How to properly implement training mode in Keras with TensorFlow backend?

I’m working on a deep learning project with a ResNet architecture using Keras and TensorFlow. I’m having trouble with the training phase parameter when feeding data to my model.

Here’s my current setup for the feed dictionary during training:

batch_feed = {input_x: train_data[batch_indices[start_idx:end_idx]], 
              target_y: train_labels[batch_indices[start_idx:end_idx]], 
              keras.backend.learning_phase(): 1}

My network includes dropout and batch normalization layers, so I thought I needed to specify the training phase explicitly. However, when I include keras.backend.learning_phase(): 1 in the feed dictionary, my model’s accuracy stays around 10% and barely improves.

If I remove the learning phase from the feed dictionary like this:

batch_feed = {input_x: train_data[batch_indices[start_idx:end_idx]], 
              target_y: train_labels[batch_indices[start_idx:end_idx]]}

The model trains normally and accuracy increases as expected through the epochs.

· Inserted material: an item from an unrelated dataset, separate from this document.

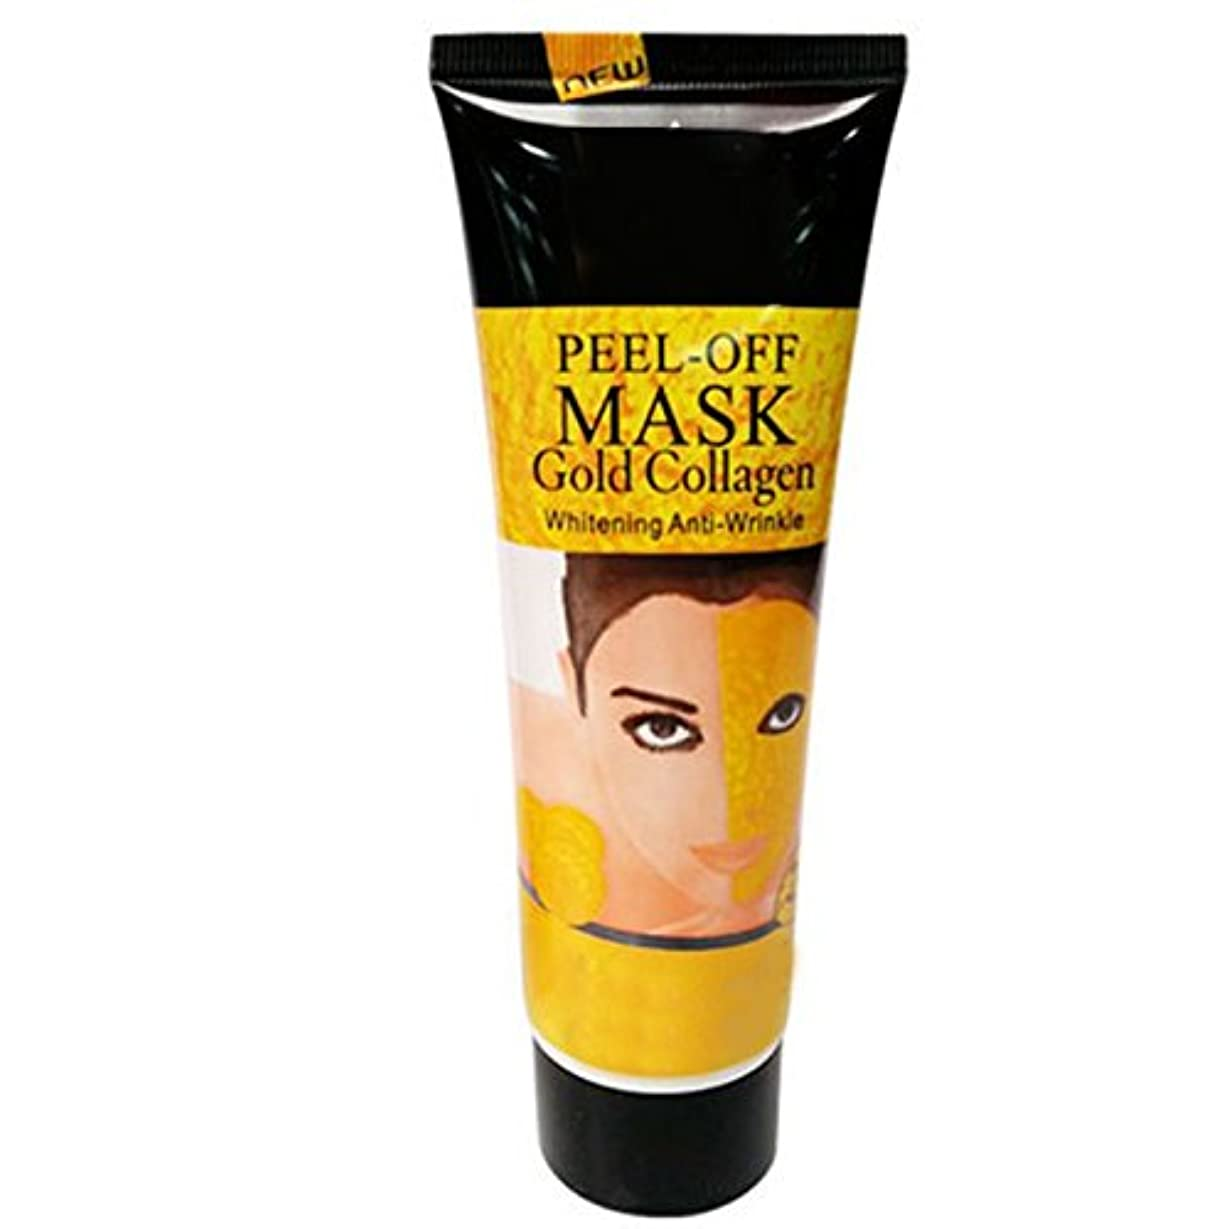 香水午後言い訳Funwill 24Kゴールドマスク ゴールドコラーゲンパック アンチエイジングパック スキンケアマスク しわ、黒ずみ、しみなどを除き たるみ肌改善 くすみ改善 しっかりしている肌に戻る

I’m confused about when exactly I should use the learning phase parameter. Is it required for networks with dropout and batch norm layers, or am I doing something wrong in my implementation?

hmm, that’s interesting - are you mixing up keras high-level API with low-level tensorflow ops? what method are you using to train - model.fit() or custom training loops? also curious about your tensorflow version since learning_phase handling changed a lot between tf1 and tf2.

you’re mixing keras api with raw tensorflow sessions - that’s what’s causing the problem. setting learning_phase manually messes with keras’ internal state management. just use model.compile() and model.fit() instead of the feed_dict approach. keras will automatically handle the dropout/batchnorm switching without you needing to control the phase manually.

Keras handles the learning phase automatically when you use model.fit() or model.train_on_batch(). Sounds like you’re using TensorFlow 1.x with manual feed dictionaries - that’s deprecated now. TensorFlow 2.x manages the learning phase internally during training calls. If you’re stuck with TF1.x, make sure your model’s compiled correctly and use model.train_on_batch() instead of manual session runs. Since removing the learning phase fixes your training, the framework’s already handling it properly. I’d suggest migrating to tf.keras.Model.fit() or tf.GradientTape for custom training loops - they automatically manage training state for dropout and batch normalization without any manual work.